Surgical therapies for heart failure carry front-loaded risk that is easier to absorb for patients expecting high early mortality.7 As survival and improved function are realized by these desperate patients, the procedure is then sought by patients at earlier stages of the disease. These patients are more likely than the initial subjects to obtain good results from the procedure at lower costs.7 Regarding the LVAD population, it can be assumed that with increasing reliability of devices, in the long term, the bridge to transplant and the destination-therapy population will merge and the distinction of short- and long-term indications for therapy will become less relevant. Thus, in the future, those bridge to transplant patients not receiving a donor organ may stay on long-term LVAD support as an alternative to transplantation.
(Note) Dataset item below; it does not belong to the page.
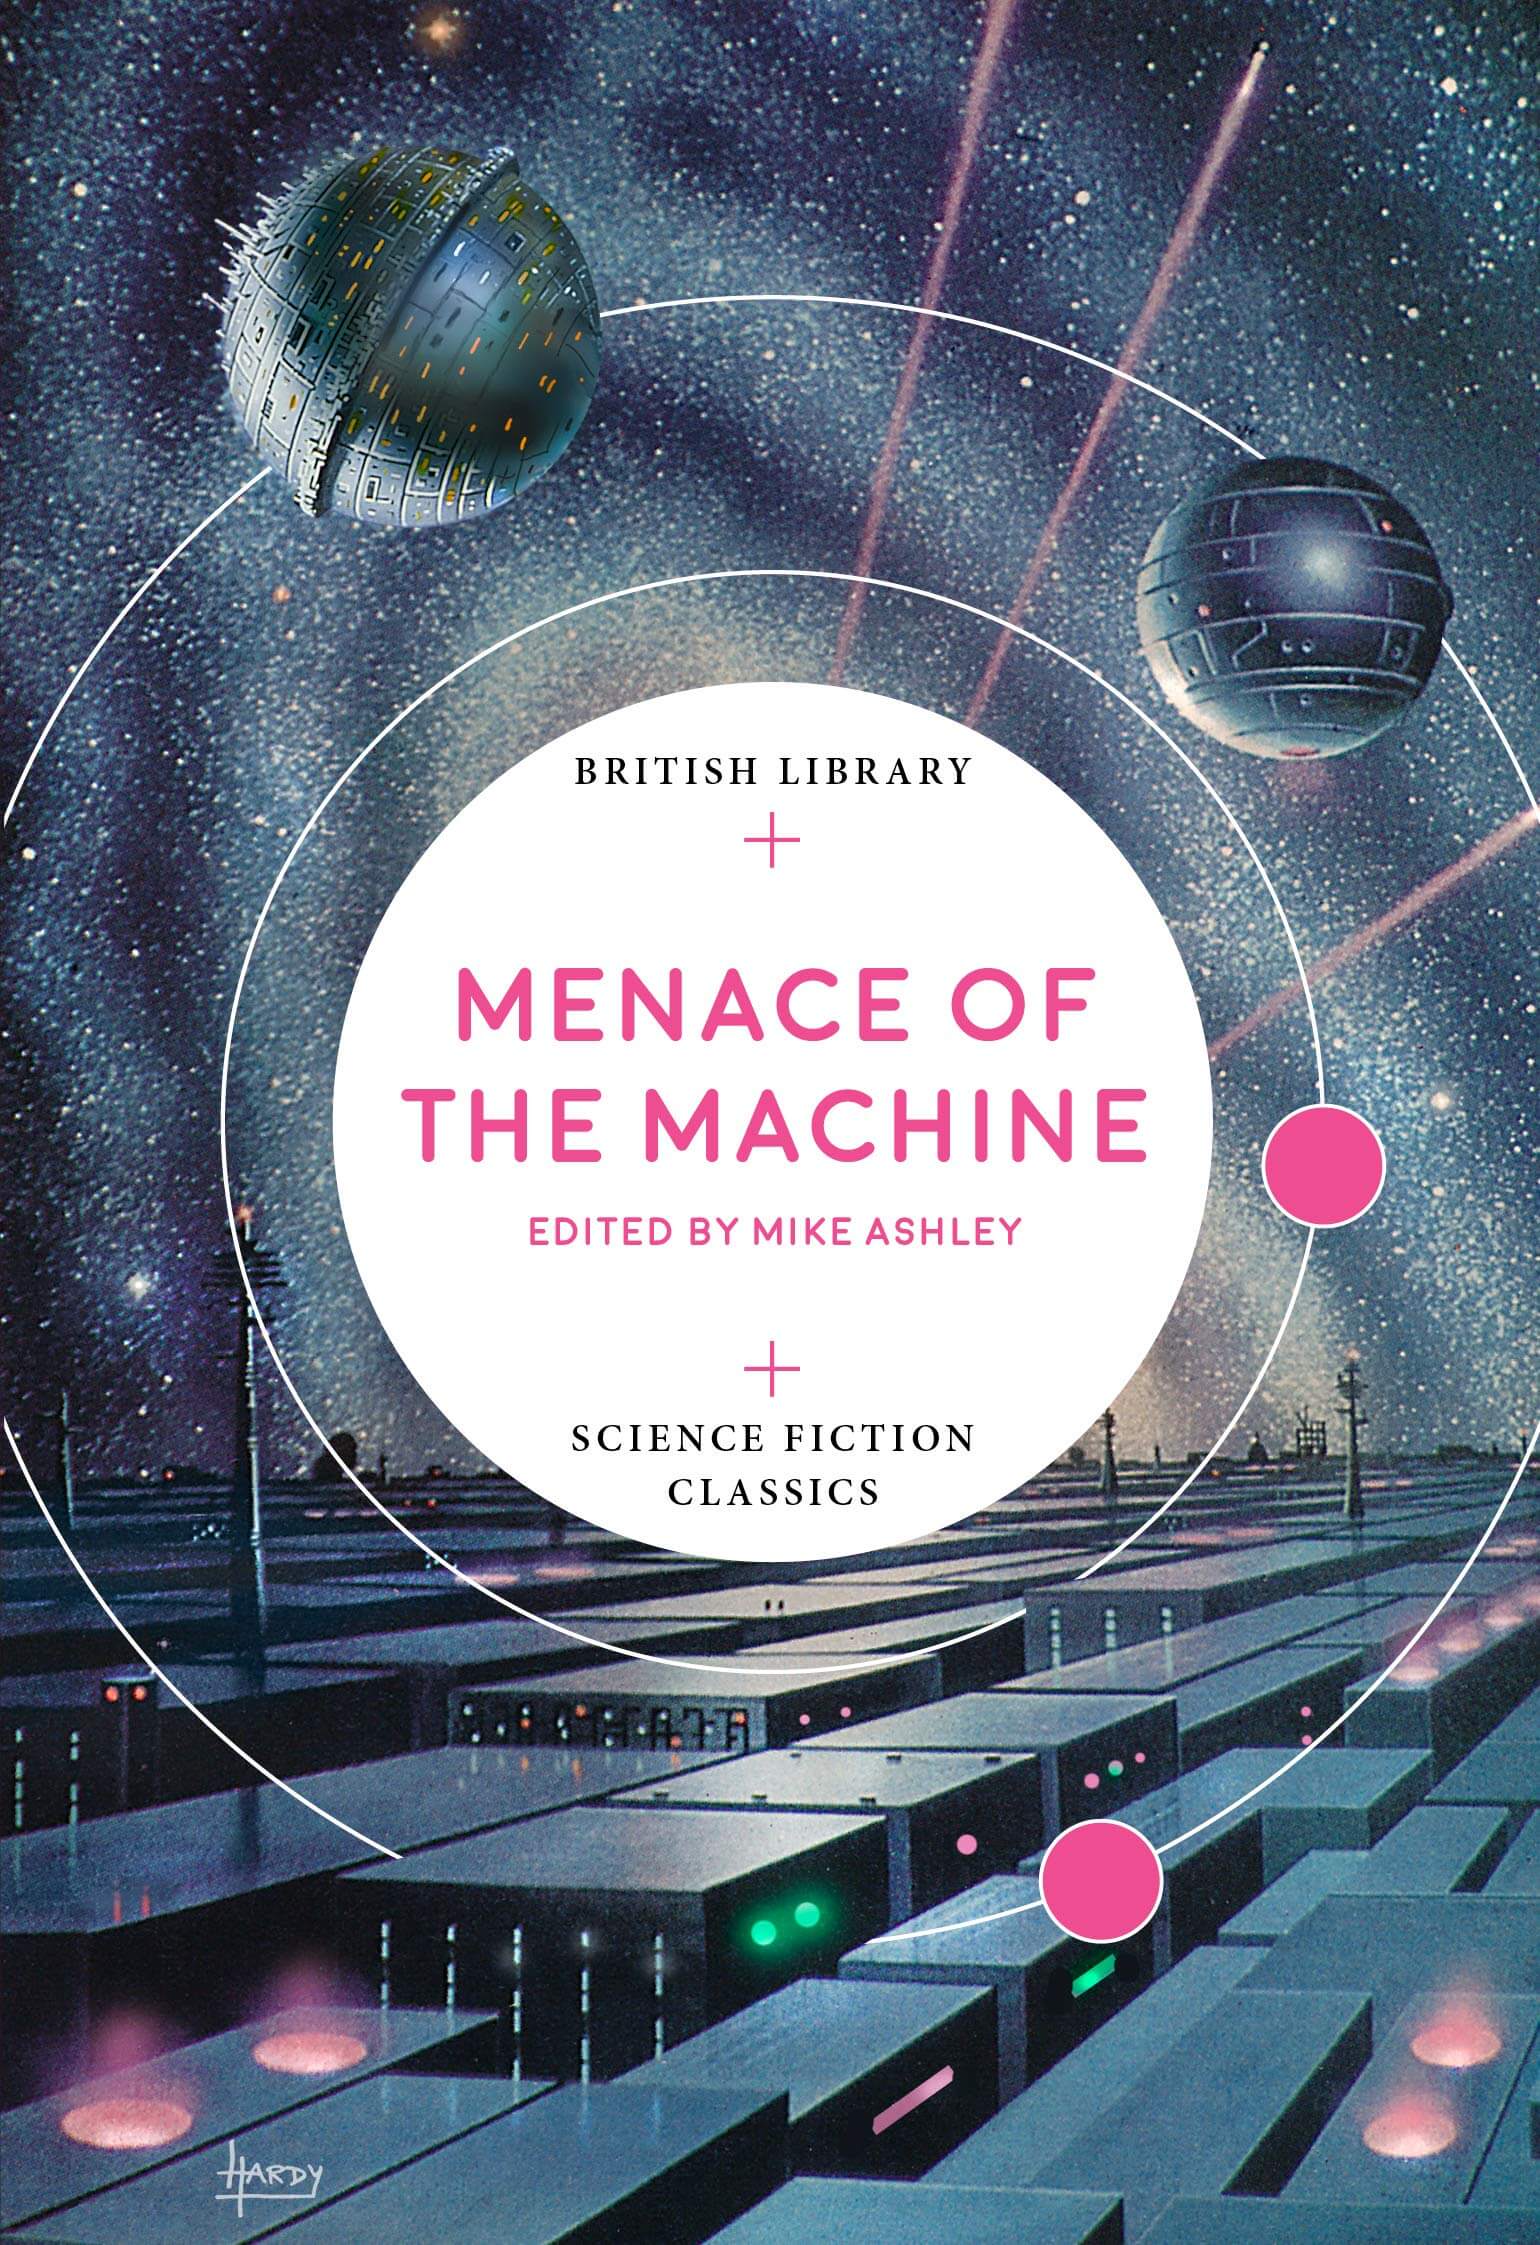 MENACE OF THE MACHINE

Of the estimated 60,000 patients who could benefit from cardiac transplantation each year but are not necessary candidates, it is conjectured that approximately 20% would be candidates for long-term LVAD therapy at present.73 The number of devices and patients who form the basis of approval is of necessity relatively small, and extensive further experience is required to optimize the clinical use of new devices in long-term circulatory support. Because rare events or complications that require years to develop may not yet be appreciated and the duration in observation is more limited when severity of illness is higher (as in current populations with end-stage heart failure), efforts have focused on trying to shorten the premarketing clinical trial and FDA review processes, while shifting more emphasis to rigorous postmarketing studies and implementing registries both for advanced heart failure and LVADs. The former creates the potential for a larger number of patients to be rapidly exposed to a newly approved product, whereas registries would track changes in patient management and device modifications, as well as patient outcomes, as we continue to learn to care for LVAD patients and as device modifications continue to be introduced into practice.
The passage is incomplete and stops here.